Social determinants of health, as defined by the World Health Organization Commission on Social Determinants of Health, are the conditions in which people are born, grow up, go to school, work, live, worship, and age.1,2 The conditions for each of these aspects of daily life shape health in myriad ways.

Looking at those social determinants, we see that there are many inequalities embedded in the daily conditions of our lives, and these translate into inequalities in health.3-5 These inequalities (or, disparities) are considered largely unjust and avoidable, namely—inequitable. One of the key drivers of health inequities is socioeconomic status (SES), which is defined in terms of a person’s social class, along with the educational, income, and occupational opportunities that are accessible within that class. Equally important in the US context are health inequities based on race and ethnicity, because of the history of racism and discrimination that place people from groups defined by race or ethnicity at social disadvantage vis-à-vis whites and that are deeply rooted in the social structures (institutions) and culture (beliefs, attitudes, and practices). Racial and ethnic disparities are observed in the access to and quality of health care and in general health and in specific health conditions.6-10 Gender inequality is another important social determinant of health. Women are not treated equally to men in all kinds of ways in our society, and gender and sexual minorities, including nonbinary and transgender individuals, are especially vulnerable due to stigma and discrimination.11-13 Age, which is often treated as a purely biologic factor in health and disease, is also a social determinant of health because different age groups (and individuals throughout their life course) have differential power and are treated differently in our society. All of these social factors noted above and others (eg, neighborhood conditions and psychological resources, like social support) translate into inequalities in health that go over and beyond biologic differences in health and disease.
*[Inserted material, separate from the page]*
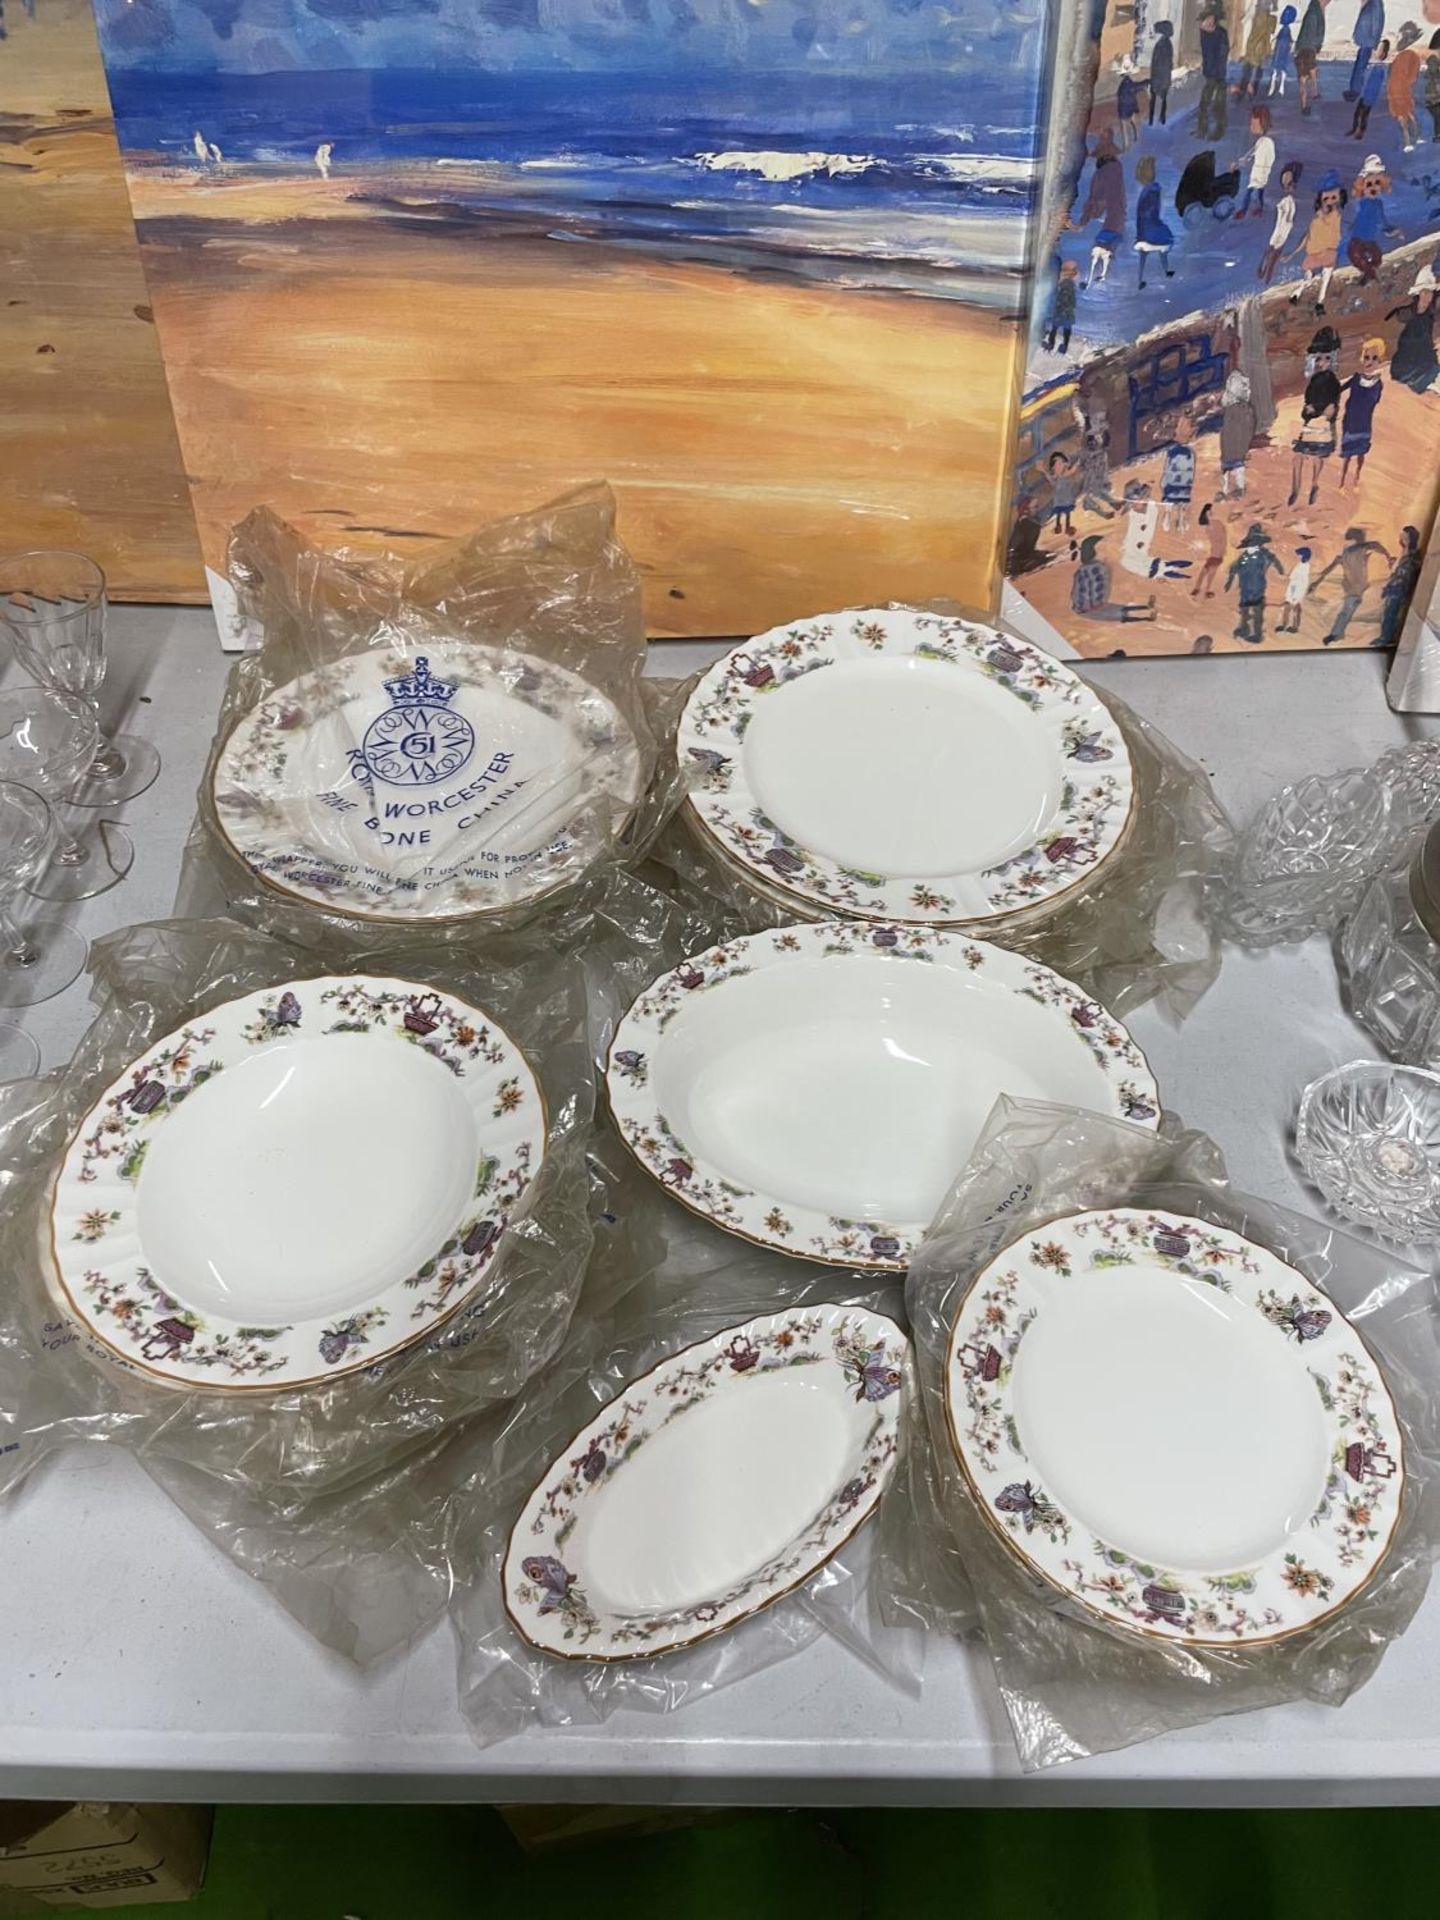 A COLLECTION OF ROYAL WORCESTER 'PEKIN' PLATES AND BOWLS, ETC WITH THE ROYAL WORCESTER PROTECTIVE

As we delve more deeply into the social determinants of health, there are subtleties to each factor that require additional consideration. For example, occupational position is linked with education and income levels and is part of SES, but different occupations and work conditions also expose individuals to different levels and types of hazards, not only toxic agents, but also how much control you have over your position and whether or not you are able to mitigate stressors. Research shows that the less control you have over your job, the more likely you are to experience psychologic distress, which may translate into mental health problems. Similarly, the physical environment in which people live is an important social determinant of health, again exposing an individual to a variety of different hazards—from violence to unsafe housing and polluted spaces. The physical environment and community conditions also determine walkability to improve physical activity and availability of resources such as health care services, transportation, healthy food, and more.

Social environments also differ in terms of the social capital embedded in place—how people who live somewhere are connected, trust and support each other, or have a community identity. Relationships and psychosocial support within a community are critically important for health, both at the individual and community levels. For example, some research shows that closely-knit communities tend to have lower rates of disease and better physical and mental health than communities where people are more socially isolated and distrustful toward others.14 These relationships and community resources are considered intermediary social determinants of health because they mediate (and sometimes moderate—buffer or amplify) the relationships between structural social determinants (eg, SES, race, gender, age) and health.15

Structural social determinants of health occur at the institutional level and can be influenced by policy changes within our institutions. Intermediate determinants occur at the individual level—how people experience society based on the psychosocial supports available to them—and can be influenced by structural, cultural, and psychosocial interventions (Figure).16

Figure. The social determinants of health framework applied to epilepsy.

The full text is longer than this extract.